Lakonisch auf den Punkt gebracht: das Gehirn bestimmt, wann Schluss ist. Dass der Zeitpunkt, neben der (Lauf-)Geschwindigkeit, von anderen Variablen wie Umgebungstemperatur, Luftfeuchtigkeit, Nährstoffversorgung und der Willensanstrengung abhängigt, bleibt einleuchtend und ist bereits empirisch nachgewiesen. Was bisher aufgrund technisch-methodischer Schwierigkeiten ausblieb, war die direkte Messung von Interkationen im Gehirn:

Und genau das ist den Forschern aus Zürich nun gelungen. Dreierlei Erkenntnisse sind bemerkenswert:

  • Bei Kraft benötigenden Kontraktionen (hier realisiert durch eine einfache Bewegung:  Kontraktion des Oberschenkelstreckers), die dauerhaft zur Ermüdung führen, wurden aus dem Muskel stammende, afferente Nervenimpulse gemessen, die direkt hemmend auf das primäre motorische Areal wirkten und folglich zum Bewegungsabbruch führten. Bei Narkotisierung des Rückenmarks (der neuronale Rückmeldeweg des Muskels wurde unterbrochen), fielen die ermüdungsbedingten Hemmprozesse signifikant geringer aus
  • in einem zweiten Versuch wurden die Gehirnareale mit gesteigerter Aktivität bei eintretender Ermüdung lokalisiert: Thalamus und insulärer Kortex. Beide Regionen sind auch zunehmend aktiviert, wenn Hunger oder und Schmerz wahrgenommen werden
  • in einem 3. Projekt wurde die zunehmende Interaktion zwischen dem insulären Kortex und dem primären motorischen Areal, bei körperlicher Ermüdung nachgewiesen. 

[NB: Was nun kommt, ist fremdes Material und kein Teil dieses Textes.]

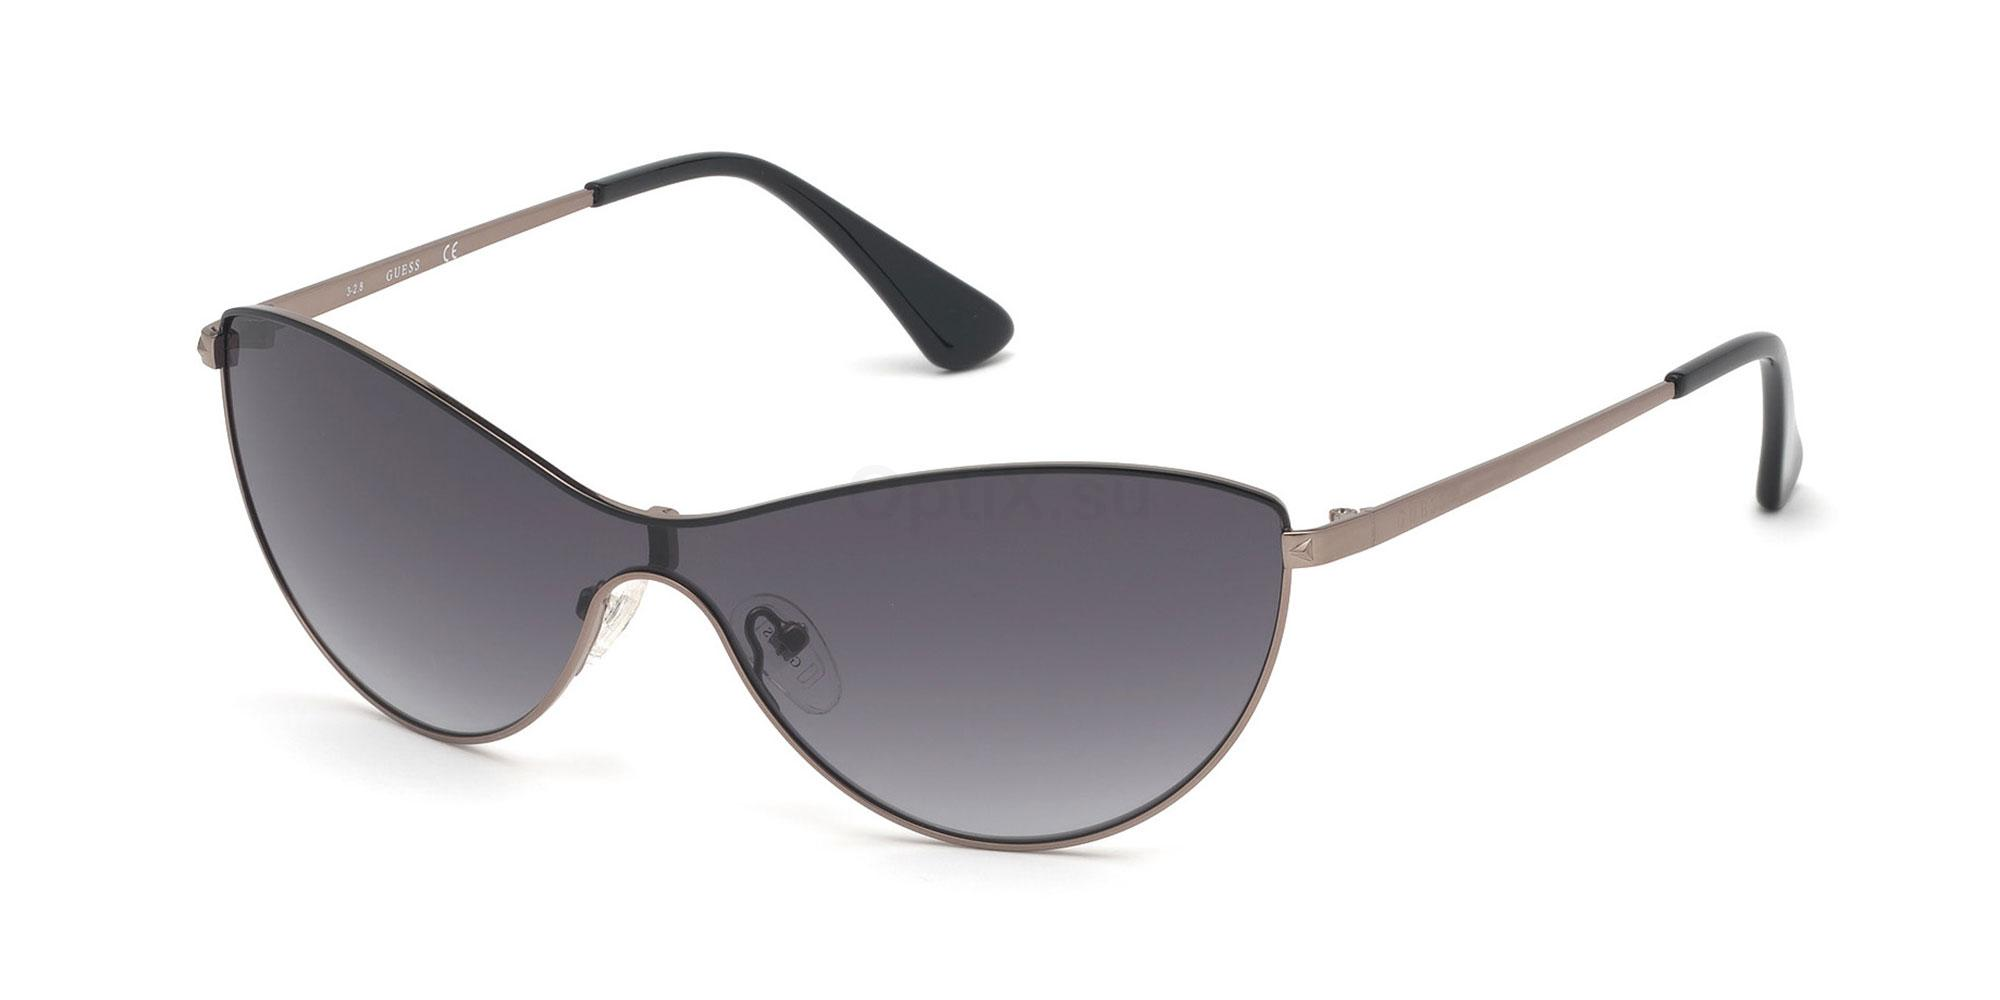 05B GU7630 Sunglasses, Guess
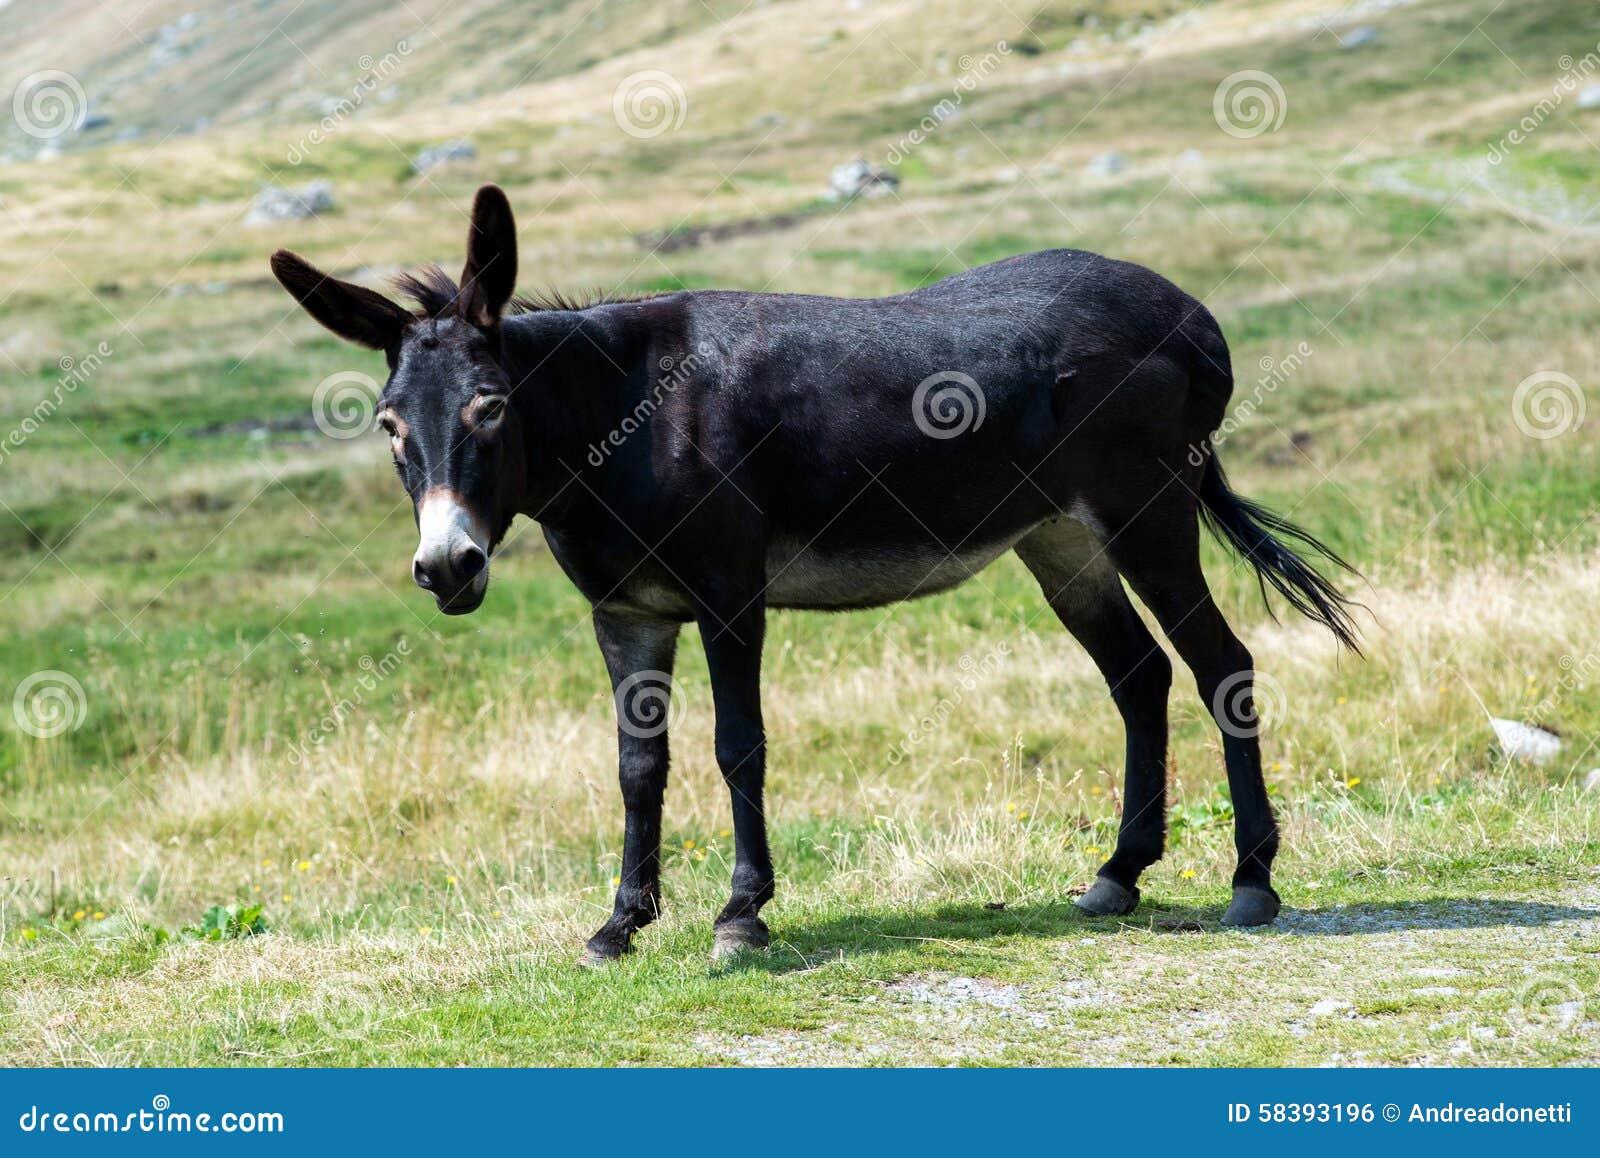 Schwarze Esel Junge Ingwer-Pornos

Gewiss steckt die Sportphysiologie hier noch in den Kinderschuhen. Mit dem zukünftig besseren Verständnis für muskuläre Ermüdungsprozesse, könnten sich Strategien und Trainingsmethoden ableiten lassen, die muskuläre Ermüdung hinauszögern. Im klinischen Kontext lässt sich perspektivisch womöglich die nachlassende, muskuläre Leistungsfähigkeit bei verschiedenen Krankheitsbildern oder Medikationen erklären.
Erste Versuche, um Gehirninteraktionen bei komplexen Bewegungen zu lokaliseren, werden in einer Arbeitsgruppe von Sportphysiologie-Koryphäe Prof. Tim Noakes (Kapstadt, Südafrika) unternommen. Nachfolgendes Video beschreibt das Vorhaben und vermittelt einen Eindruck vom komplexen, radergometrischen Versuchsaufbau. Da kann man nur gespannt sein, welche Erkenntnisse das Jahr 2012 in diesem spannenden Forschungsfeld bereithält. 
Euch wünsche ich an diese Stelle jedenfalls ein gesundes, sportlich erfolgreiches und zufriedenes neues Jahr!